Время собирать виноград - [38]
Ничего этого он не сделал. Пересек лужайку с расцветшими ромашками — не садовыми, а дикими, занесенными сюда с лесных полян, сельских просторов, из-за пояса новых кварталов. Теперь, он знал, ему уж не миновать ни маленькой приморской улочки, куда его всегда так тянет, ни тех ворот со львом. Их не обойдешь. Не отвернешься.
Однажды, проходя мимо, он почувствовал, что кто-то схватил его за плечо. Желязко раздраженно рванулся, но косматая лапа вцепилась ему в волосы. Почему так по-бабьи — в волосы? — было первой его мыслью. Лапа оторвала его от земли, и только тут он заметил золотистые львиные усы. Закричать — не оберешься позора. Железная лапа согнулась, подтянула его ближе, он увидел блестящие острые зубы и тут же почувствовал на своей спине другую лапу; что-то внутри него треснуло, сломалось. А лев осмотрел его и поцеловал в лоб. Потом по-львиному торжественно опустил на землю. И ни слова, ни звука, как будто ничего не случилось: лев по-прежнему лежал на воротах — гордый, недоступный, злой для злых, мстительный, но верный.
С тех пор Желязко всегда ходил по другой стороне улочки. Этим утром — тоже, хотя лев на воротах уже кивал ему издали. Подойти? Зачем? Для чего? Не верил ему Желязко, не откликался на его зовущие жесты, так что в конце концов лев не выдерживал, и движения его становились угрожающими. «Старый, железный, ободранный лев! — хотелось ему иногда крикнуть. — На что ты надеешься, кого думаешь испугать?»

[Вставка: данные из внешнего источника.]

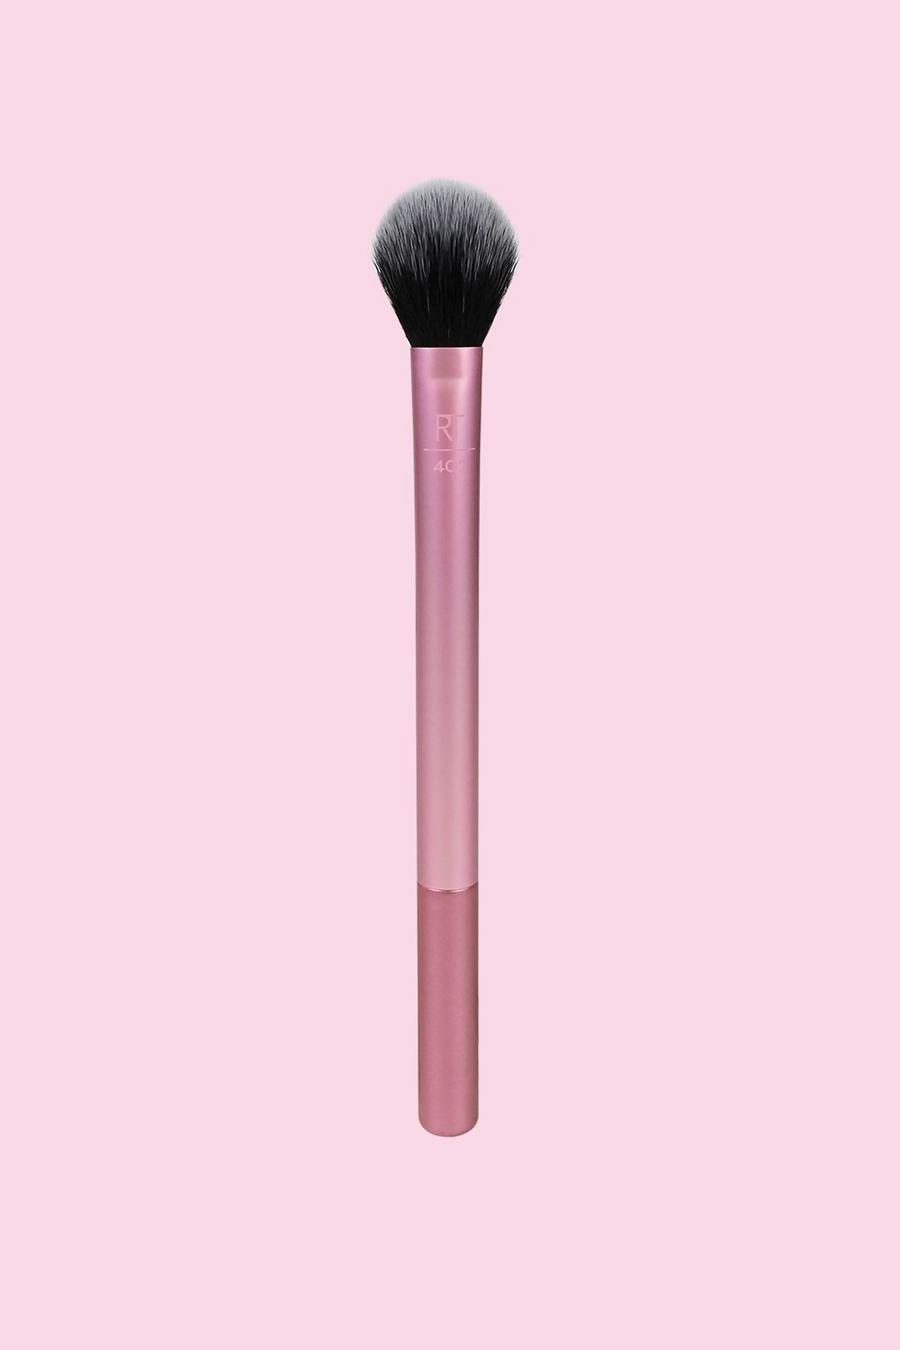 Pink REAL TECHNIQUES UNDER EYE SETTING POWDER MAKEUP BRUSH image number 1

И проходил мимо, невольно ускоряя шаги: вдруг кто-нибудь заметит его из окна. В этом когда-то принадлежавшем фабриканту доме давно уже жил Ангел Костадинов с братьями и отцом. Со временем дом стал тесен для многочисленной семьи, но внуки постепенно переселялись в новые районы, и недалек уж тот день, когда по всем этажам будут разноситься лишь голоса старого Толума да Ангела; пусть себе пыхтят на мраморной лестнице, уверенные, что в будущем их ждет только хорошее.
За что он так ненавидит Ангела? Ведь в свое время Желязко и сам мог занять уютный, прохладный дом фабриканта Налбантова.
Высокая береза и широкоплечий дубок поднялись уже до самой крыши, в их ветвях копошатся горлицы и воробьи. Все-таки гораздо лучше бывать на этой улице вечером — сейчас в любую минуту из окон онемевшего за ночь дома мог раздаться голос Ангела Костадинова; иди потом доказывай, что ты здесь вовсе не для того, чтобы с ним повидаться. А если такое повторится не раз и не два? Неужели он сомневается в дружелюбии Ангела Костадинова и потому не решается войти в ворота со львом? Объясняй не объясняй, никому и в голову не придет, что дело тут не в Ангеле и его счастливой родне. Болезненная, ничего не прощающая Тина, та с полуслова догадалась бы, что к чему; она-то не сохла, наоборот, словно лягушка, раздувалась в своем кресле за плотными шторами. Лишь ей одной достаточно взгляда, чтобы увидеть трепещущую душу Желязко и в ней — образ той, чья тень до сих пор бродит по каменному дому Налбантова. Увидит, не проронит ни звука, лишь пронзит его насквозь потемневшим от горя и злобы взглядом, сожжет все лучшее, что в нем есть, и, легкий, пустой, он молча сгорбится под грузом вины — за то, что еще жив.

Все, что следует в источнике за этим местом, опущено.